Cell isolation and culture
Brown fat precursor cells were isolated from the interscapular brown adipose tissue of 20-day-old rats as described by Néchad et al. (13), except that the hypoosmotic shock was not performed. The process involves collagenase digestion, separation of mature adipocytes by flotation, and subsequent filtration through 25-µm silk filters, and precursor cells were obtained by centrifugation. The precursor cells obtained from each animal were divided into two culture flasks (25 cm²; Nunclon, Nunc, Roskilde, Denmark), each containing 5 ml culture medium consisting of DMEM supplemented with 3.5 nM insulin, 10 mM HEPES, 50 IU penicillin/ml, 50 µg streptomycin/ml, 15 µM sodium ascorbate (culture medium), and 10% NCS. The cells were grown at 37 C in an atmosphere of 5% CO₂ in air with 95% humidity. Cells were washed on day 1 (2000 cells/cm²), and culture medium was changed every second day.

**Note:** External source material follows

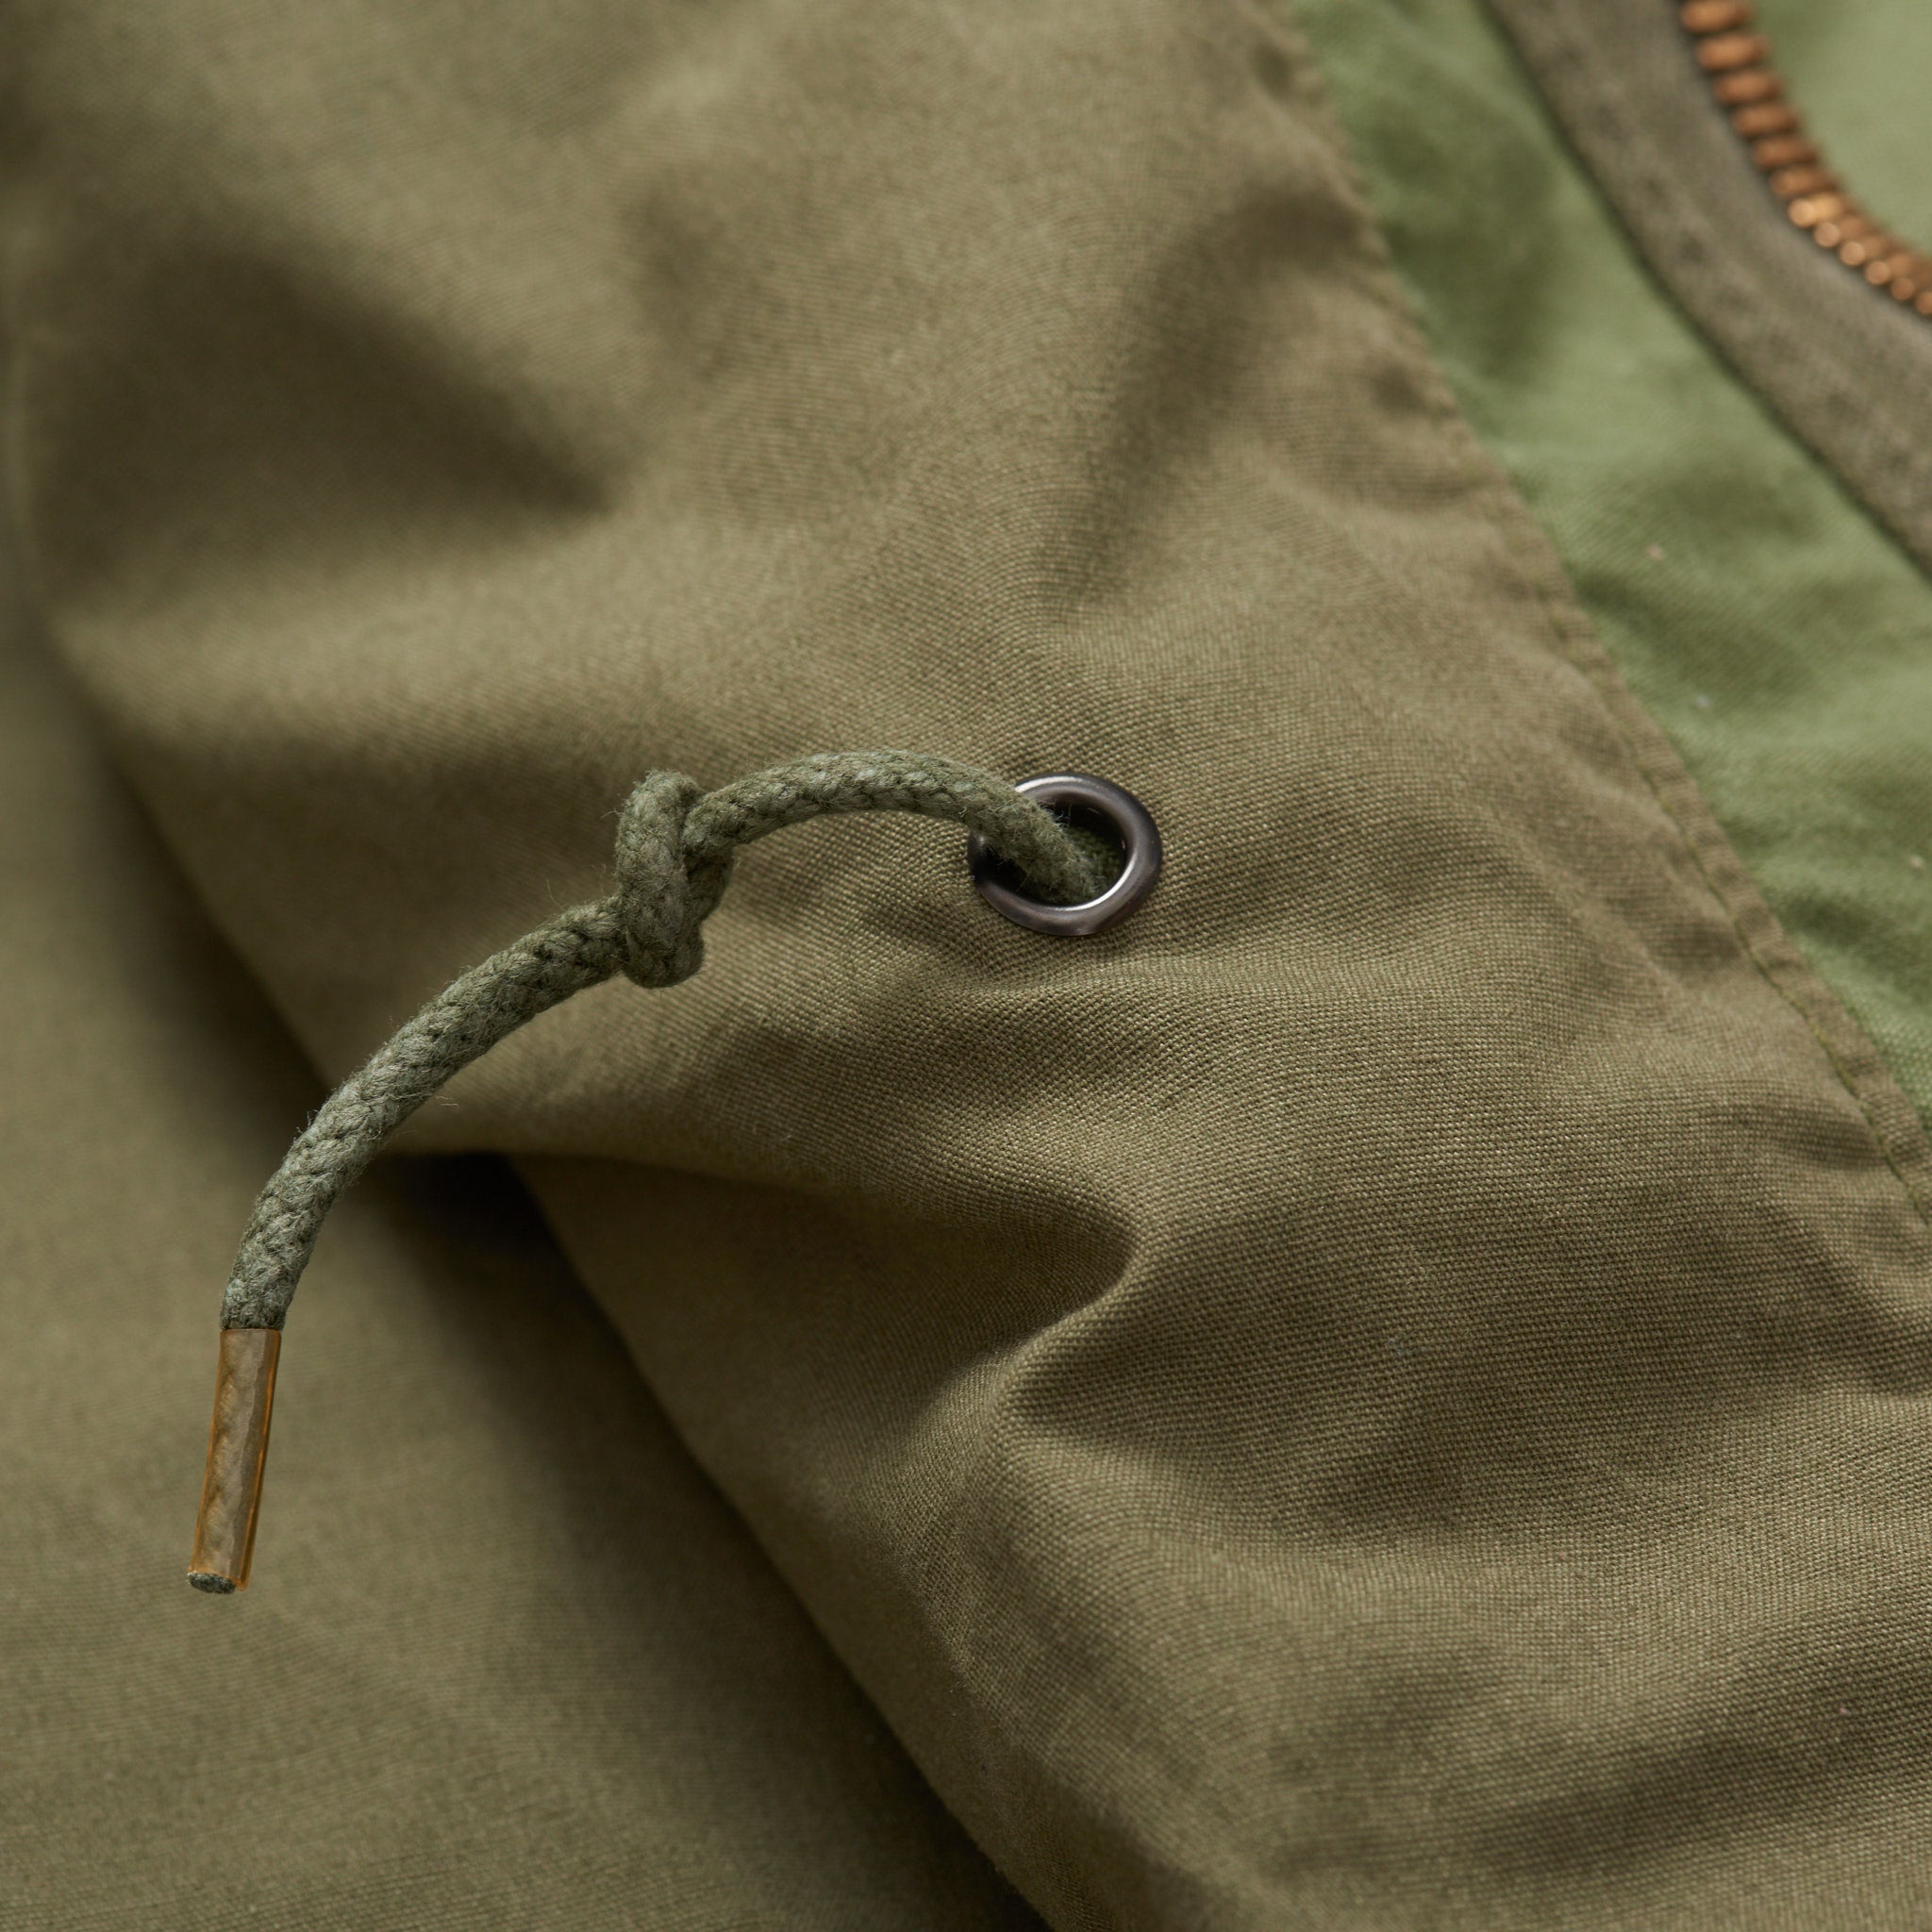 Vintage 1970's M-65 Olive Cotton Military Field Jacket Size L 1970's ALPHA INDUSTRIES

For proliferation assays, preconfluent cells (days 2–3) were subcultured in 24-multiwell tissue culture plates (Falcon, Becton Dickinson Labware, Lincoln Park, NJ) at a density of 8000 cells/cm², using 1 ml culture medium supplemented with 10% NCS. After 6 h, the cells were rinsed twice with medium and maintained for 48 h in culture medium supplemented with 2% NCS (time zero). Study of the cell cycle at time zero using cytofluorometric analysis revealed that 95% of cells were in the G₀/G₁ phase (quiescent cells). This time was the starting point for mitogenic stimulation. Those cells, subcultured at low density, keep the ability to express UCP mRNA (our unpublished results).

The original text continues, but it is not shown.